Güncelleme Tarihi:
Dünyanın sonu geldiğinde nereye gideceğiz? Angolalı yazar Jose Eduardo Agualusa’nın bundan önce yazdığı iki kitabının karakterlerinden biri olan Daniel Benchimol, “Adalar birer tapınaktır. Dünya sona erdikten sonra, tekrar adalarda can bulacaktır” diyor. Agualusa, ‘Yaşayanlar ve Diğerleri’ isimli kitabını 2019 yılında bitirdiğinde karakterlerinkine benzer bir deneyim yaşayacağını hayal etmemiştir herhalde. 2020 yılının şubatında koronavirüs pandemisi nedeniyle dünya durdu. Herkes ‘evde kal’dı, ülkeler arasındaki sınırlar kapatıldı. Dünyanın sonunun kurgusal hesapları yapılırken, insanları kıyamet korkusu sardı.

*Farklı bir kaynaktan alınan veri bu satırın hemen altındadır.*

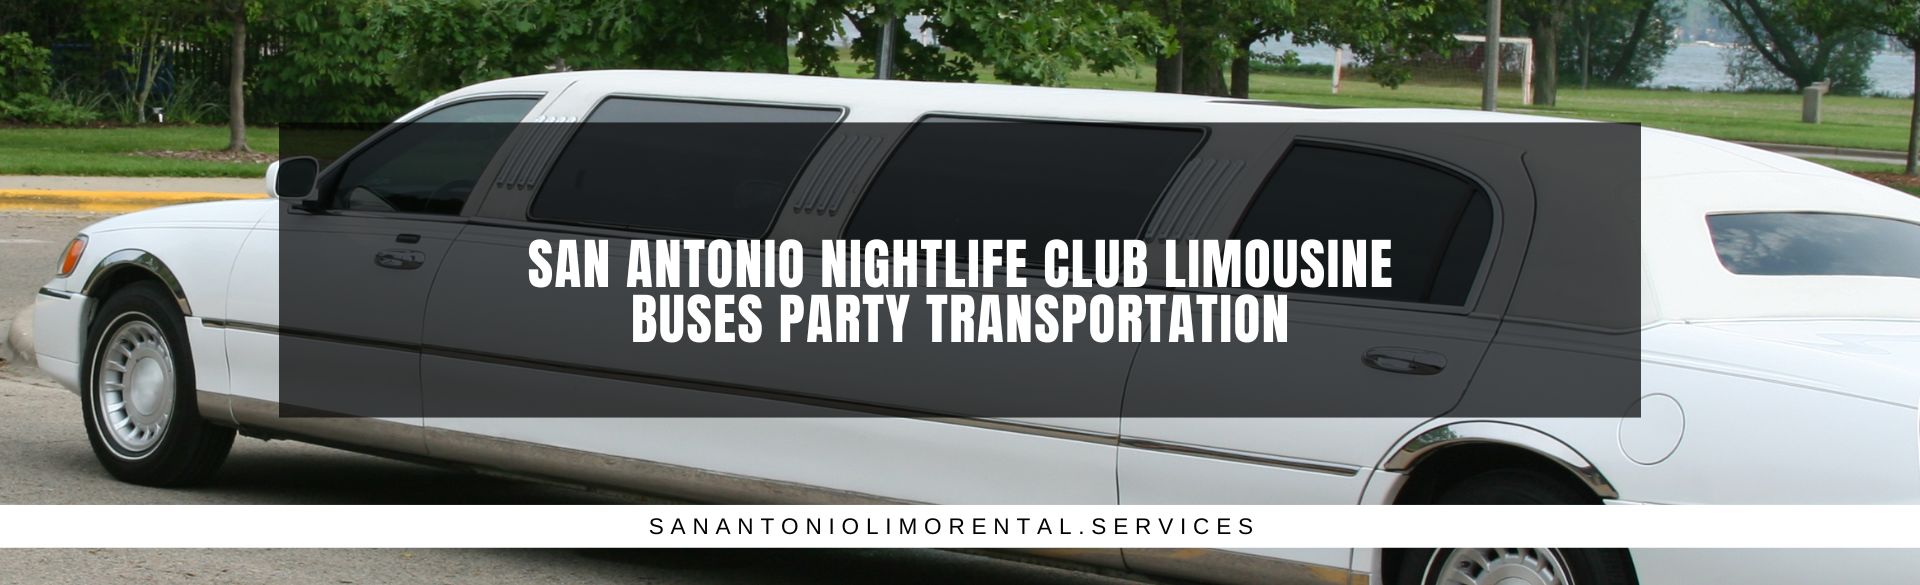 San Antonio Nightlife Club Limousine Buses Party Transportation

Agualusa’nın kitabı da Mozambik Adası’ndaki bir edebiyat festivaline gelen ve şiddetli bir fırtına ve kitabın sonunda ortaya çıkan trajik bir olay nedeniyle birbiriyle hiç bağlantısı kalmayan Afrikalı yazarlar etrafında gelişiyor. Gerçek ile kurgu, geçmiş ile gelecek, yaşam ile ölüm arasındaki sınırı sorgulayan bir dizi gizemli olay, festivale gelen yazarları ve yerel halkı rahatsız ediyor. Bu yazarların kitaplarındaki bazı karakterler ortaya çıkmış gibi görünüyor. Agualusa, Sartre’ın “Diğerleri cehennemdir” sözünün karşısına “Diğerleri cennettir”i koyuyor.

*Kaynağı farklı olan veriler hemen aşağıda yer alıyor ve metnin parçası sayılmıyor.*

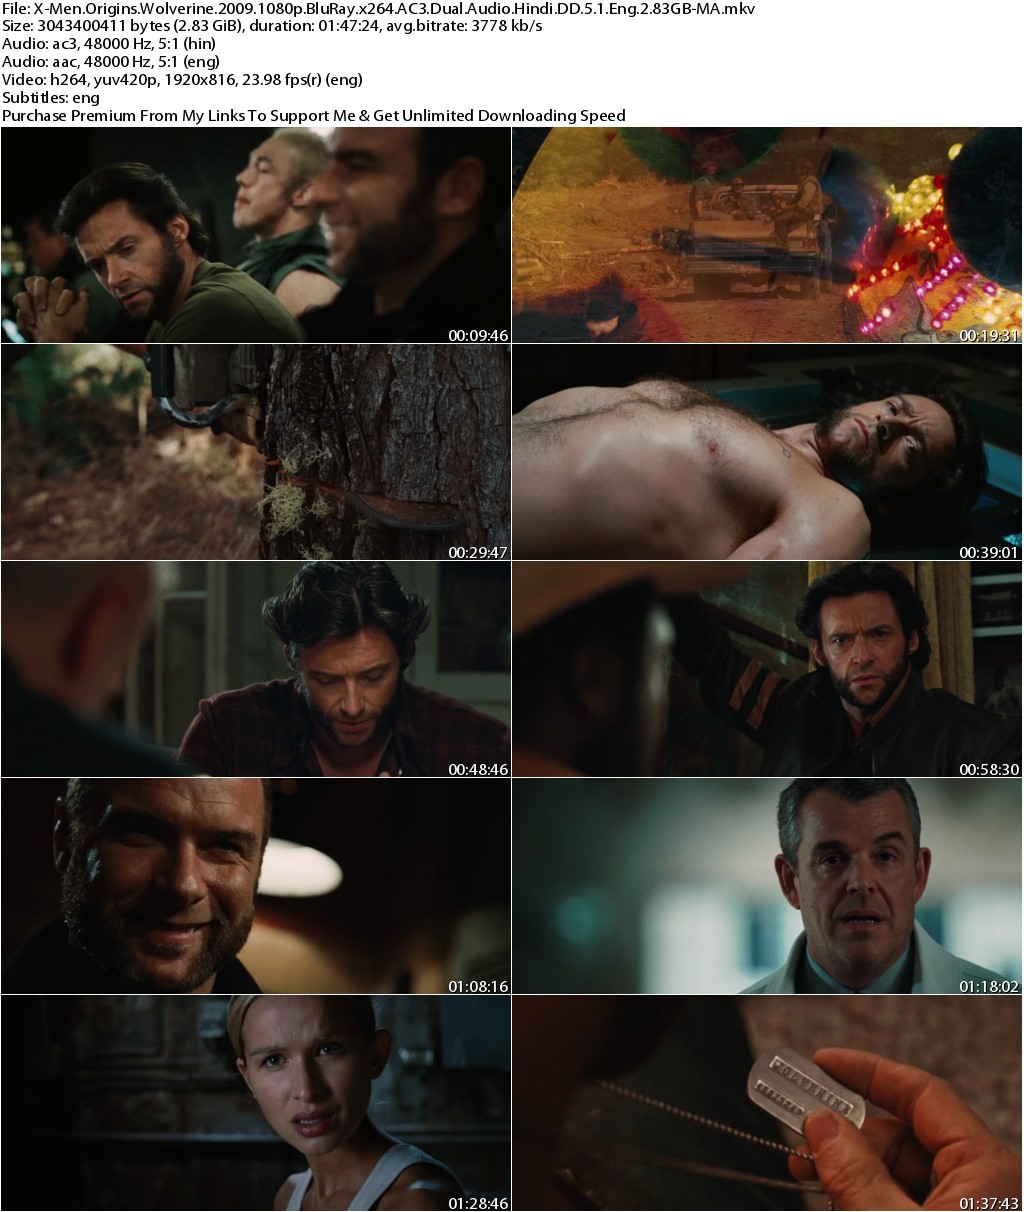 X-Men Origins Wolverine (2009) 1080p BluRay x264 AC3 Dual Audio Hindi DD 5.1 Eng 2.83GB-MA

Adada düzenlenen ilk edebiyat festivali başlamak üzere. Kitap, sadece Mozambik’ten değil, diğer Afrika ülkelerinin yazarlarının gelişiyle başlıyor ve bir hafta boyunca devam ediyor. Kitabına “Her şey böyle başladı: Gece, şimşeğin muazzam ışığıyla parçalara ayrıldı ve ada kendini dünyadan kopardı. Bir dönem bitti, diğeri başladı. O anda hiç kimse bunun farkına varmadı” diyerek başlıyor yazar. Ada sakinleri ve festivalin konukları, kendilerini telefon sinyalinin olmadığı, internet erişiminin kesildiği dış dünyadan tamamen izole edilmiş adada kendileriyle ve diğerleriyle baş başa kalmış olarak buluyor. Bulutlar ve dinmek bilmeyen fırtına köprüye erişimi engellediği için anakara ile temas kopuyor. Etkinliği organize etmekten sorumlu olan yazar ve eski gazeteci Daniel Benchimol ve eşi Moira Fernandes bir bebek bekliyorlar. Çift, Moira’nın hamileliğinin son günlerinde yaşanan olağandışı durumla uğraşmanın yanında, yazar arkadaşlarının isteklerini yerine getirerek festivali devam ettirmeye çalışıyor.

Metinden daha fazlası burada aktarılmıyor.